Tentu saja, perkataan almarhum ibunya itu merupakan luapan rasa ketakutan akan kehilangan orang yang ia cintai. Meskipun sudah berulang kali ditegur, Nyong tetap gigih apalagi ia mendapat dukungan penuh dari sang ayah untuk merakit bom.
"Saya lebih dekat ke bapak, saya terbiasa ikut bapak makanya ikut mengebom juga," katanya.
Untuk merakit satu buah bom, Nyong membutuhkan waktu sekitar satu setengah jam saja. Bahan-bahan yang digunakan juga tidak rumit di antaranya pupuk, minyak tanah, botol dan beberapa benda lainnya. Berbekal satu kilogram bahan-bahan tadi, Nyong dapat membuat dua buah bom yang siap diledakkan.
Untuk satu kali mengebom, Nyong bisa mendapatkan hasil tangkapan yang cukup memuaskan. Ikan-ikan tersebut langsung dijual ke desa-desa terpencil di sekitar pulau. Hal itu dilakukan untuk menghindari jejak dari petugas taman nasional yang bisa saja mengamankan tangkapan termasuk mereka.
Pada rentang waktu 2001 hingga 2003 di sekitar laut Pulau Tomia, sekitar enam hingga tujuh kapal nelayan secara membabi buta mengebom ikan setiap harinya. Jarak antara satu nelayan dengan nelayan lainnya pun terbilang dekat yakni sekitar 200 hingga 300 meter saja.
Dahulunya, sebelum masyarakat Desa Kulati menggunakan pupuk sebagai bahan utama pembuatan bom, nelayan di sana sudah menggunakan mesiu dari mortir-mortir peninggalan Perang Dunia kedua yang masih aktif.

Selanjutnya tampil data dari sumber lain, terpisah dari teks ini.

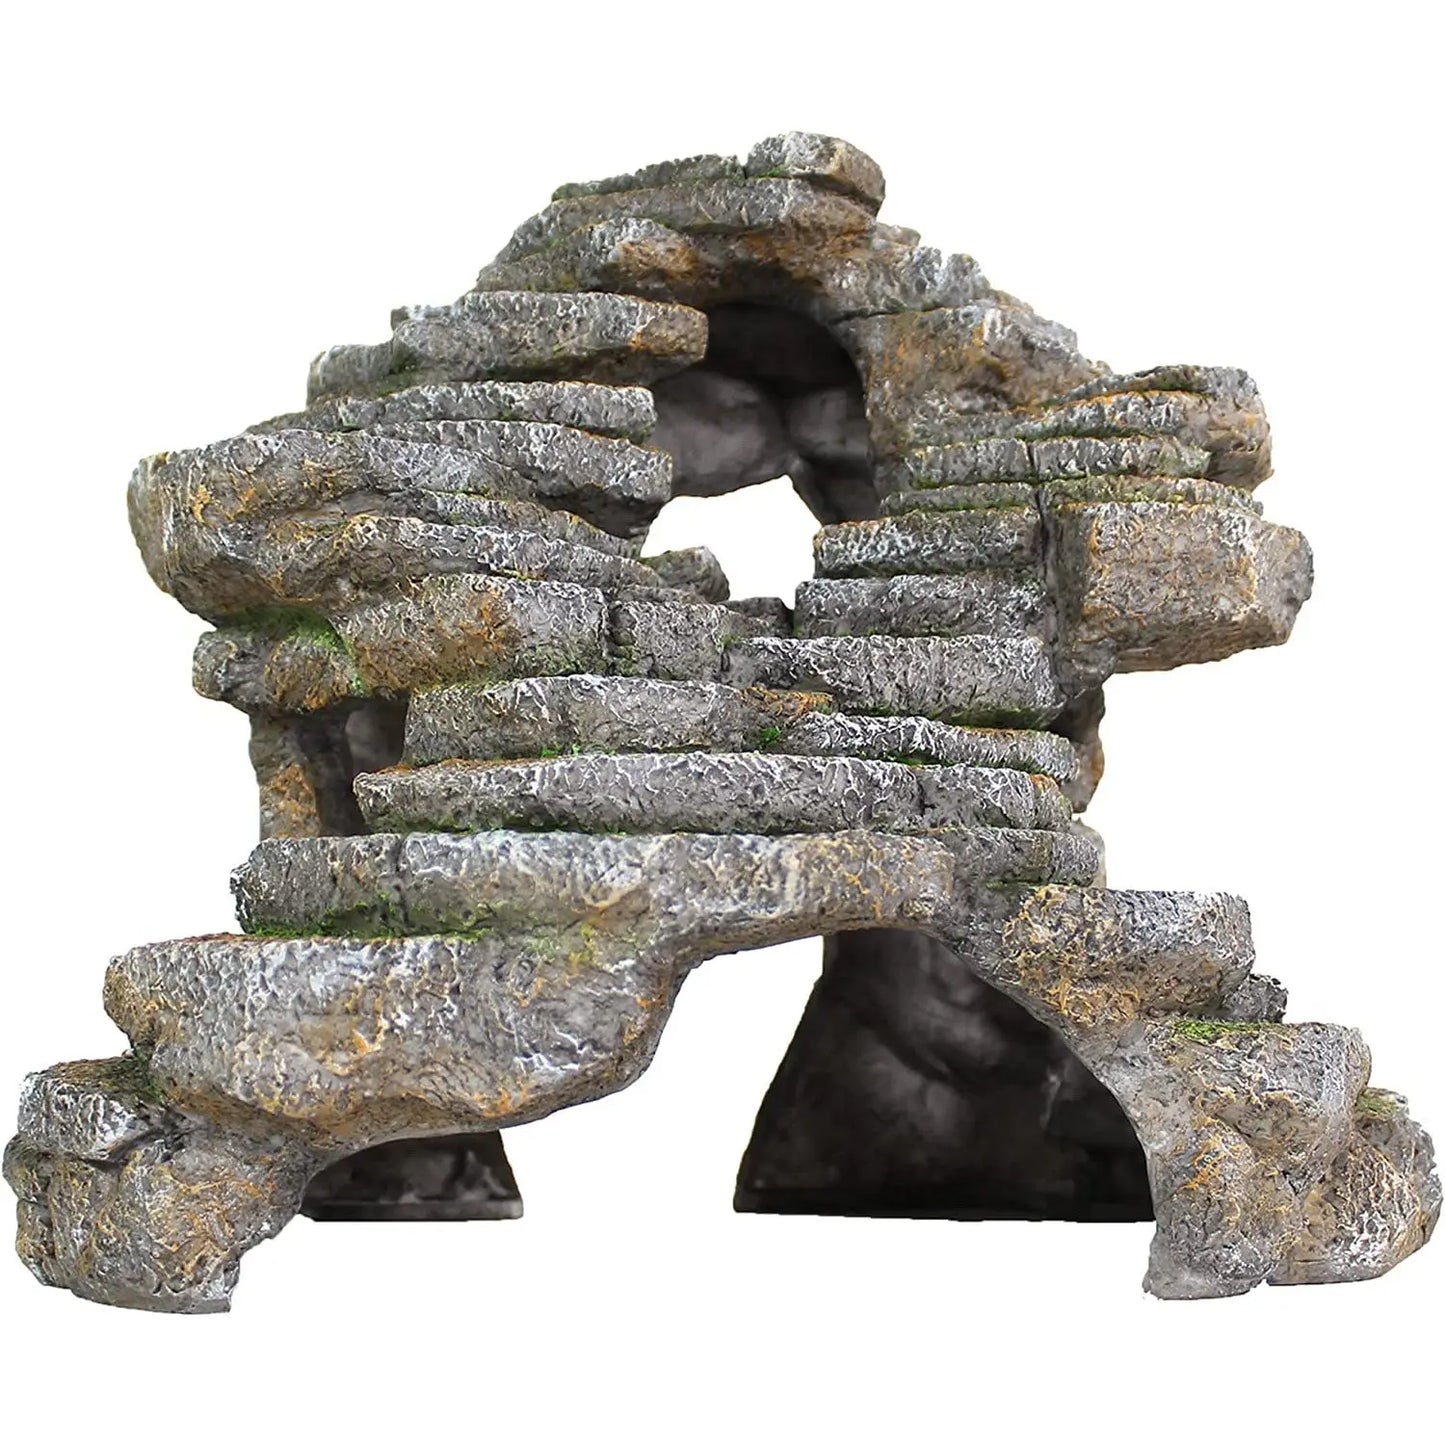 Reptology Shale Scape Step Ledge & Cave Hideout Decorative Resin for Aquariums & Terrariums Reptology

Untuk mengambil bubuk mesiu tersebut, masyarakat setempat harus menggergaji kepala mortil. Pemotongan itu biasanya dilakukan nelayan di bibir pantai agar tidak menimbulkan percikan api yang dapat memicu ledakan. Sepanjang sejarah Desa Kulati, sepengetahuan Nyong pernah terjadi satu kali kecelakaan fatal yang berujung pada kematian satu orang nelayan. Ini diakibatkan oleh adanya bom yang hendak dilempar ke laut malah terjatuh di sekitar kapalnya.
Baca juga: Dua pelaku pemboman ikan ditangkap di perairan Masra Supiori
Sadar
Pada dasarnya masyarakat di Desa Kulati sadar betul bahwa perbuatan yang mereka lakukan salah. Namun, desakan ekonomi dari hari ke hari memaksa mereka mengebom ikan dengan cara tidak ramah lingkungan tersebut. Aktivitas ilegal mereka juga telah lama diintai dan dicurigai petugas Taman Nasional Wakatobi.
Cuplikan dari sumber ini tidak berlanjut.